The Court of Appeal considered the application of the "just and equitable" discretion under section 123 of the Equality Act 2010 to extend the three month time limit for presenting discrimination claims. The appeal concerned whether the Employment Tribunal (ET) was perverse in refusing to extend time where the claimant delayed while seeking disclosure of the successful candidate's ethnicity. The court held that the ET had erred in principle by concluding the claimant had the "raw material" for a claim in early July and by treating the claimant's information‑gathering as a blameworthy delay. The court criticised reliance on suspicion as a sufficient ground for denying an extension and found the ET failed to give adequate weight to the respondent's withholding of the ethnicity information and to the limited prejudice shown. The appeal was allowed and the remainder of the grounds were remitted to the Employment Appeal Tribunal for determination.

Case abstract

Background and facts:

  • The claimant, Dr Nicholas Jones, applied for a role with Public Health England in March 2019, was interviewed and was scored second highest. The successful candidate (later revealed to be white) was appointed; the claimant was not informed of the outcome until 3 July 2019.
  • The claimant queried the ethnicity of the successful candidate on 24 July 2019 and sought information; the employer declined to disclose the profiles on data‑protection grounds and referred to internal FOI/SAR procedures. The claimant commenced ACAS conciliation on 30 September 2019 and presented his ET1 in late October 2019, outside the three month primary period.

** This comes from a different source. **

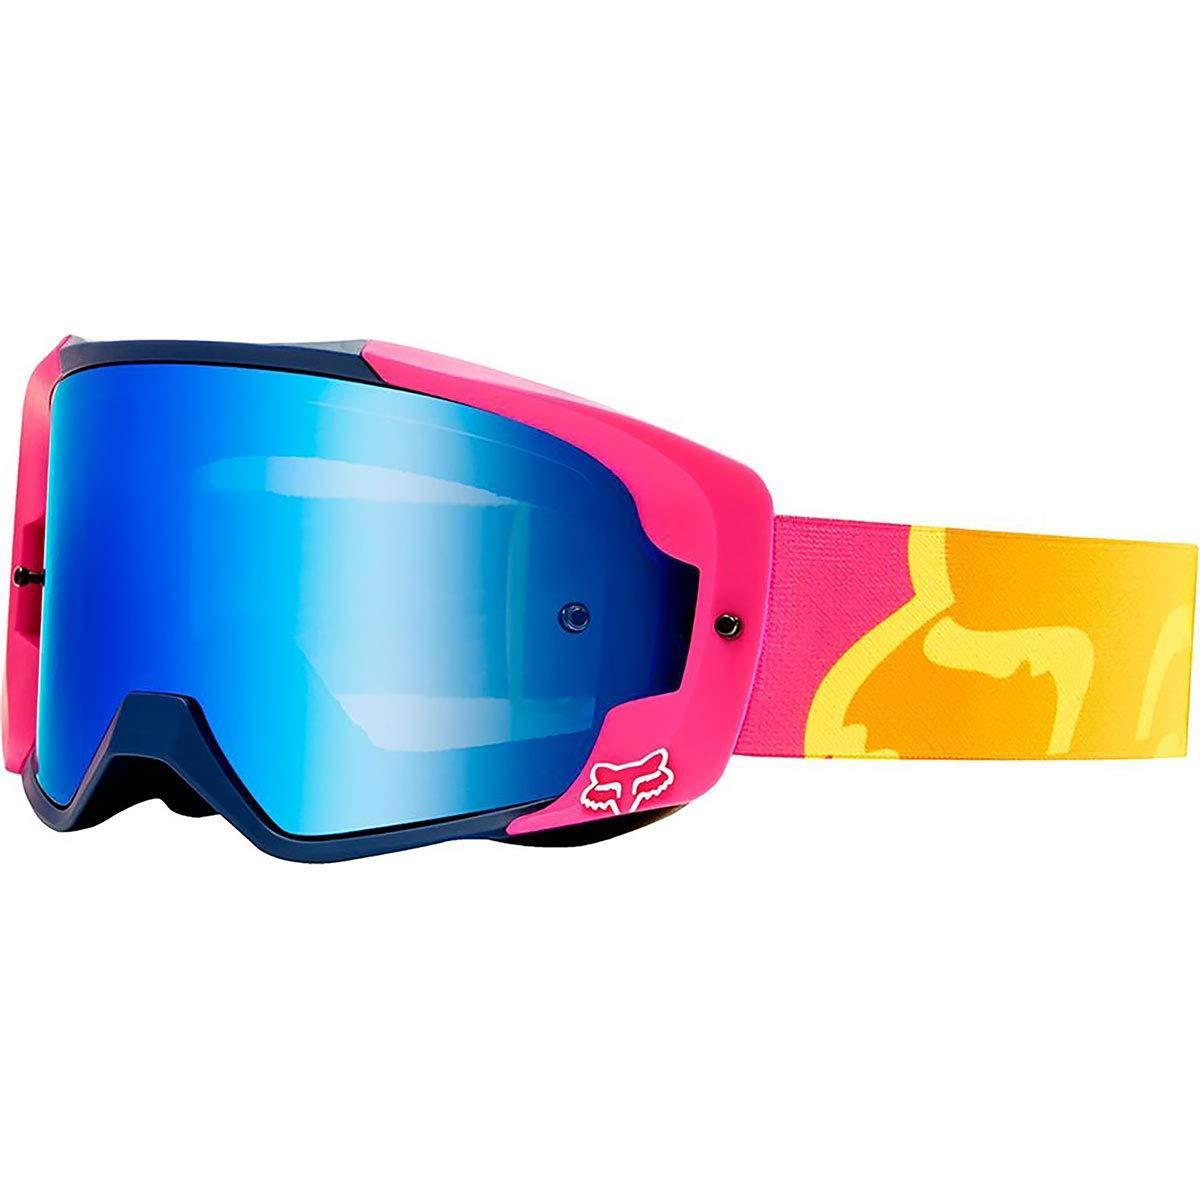 Fox Racing Vue Idol Men's Off-Road Motorycle Goggles - Multi/One Size

Procedural posture: At first instance the Reading Employment Tribunal dismissed the substantive discrimination claim and refused to exercise the discretion under section 123 to hear the time‑barred claim on just and equitable grounds. The Employment Appeal Tribunal (EAT) upheld the ET decision. The claimant obtained permission to appeal to the Court of Appeal.

Nature of the claim and relief sought: The claim alleged direct and/or indirect discrimination (race and/or age) and sought to present the discrimination complaint to the ET; the principal contested relief on appeal was an extension of time under section 123 of the Equality Act 2010.

Issues before the Court of Appeal:

  1. Whether the ET was perverse in refusing to extend time as not being just and equitable.
  2. Whether the EAT and ET applied an unduly severe test permitting a denial of an extension on the basis of suspicion that discrimination had occurred, and whether the test in Barnes (EAT) required modification.

Court's reasoning:

  • The court reviewed the scope of the ET's wide discretion under section 123 and the limited scope for appellate interference (following Robertson/Bexley, Caston, Abertawe authority quoted in the judgment).
  • The Court of Appeal found errors in the ET's reasoning: it was wrong to conclude the claimant had the "raw materials" for a claim in early July; it was wrong to penalise the claimant for seeking essential factual information (the ethnicity of the successful candidate); and the ET failed to give appropriate weight to the respondent's conduct in withholding that information.
  • The court observed there was little evidential showing of actual prejudice to the respondent from the delay, and that the respondent had been on notice of a possible claim from July.
  • The court also expressed reservations about treating mere suspicion or a firm belief based on suspicion as a sufficient basis to deny an extension and was critical of the Barnes formulation in that respect.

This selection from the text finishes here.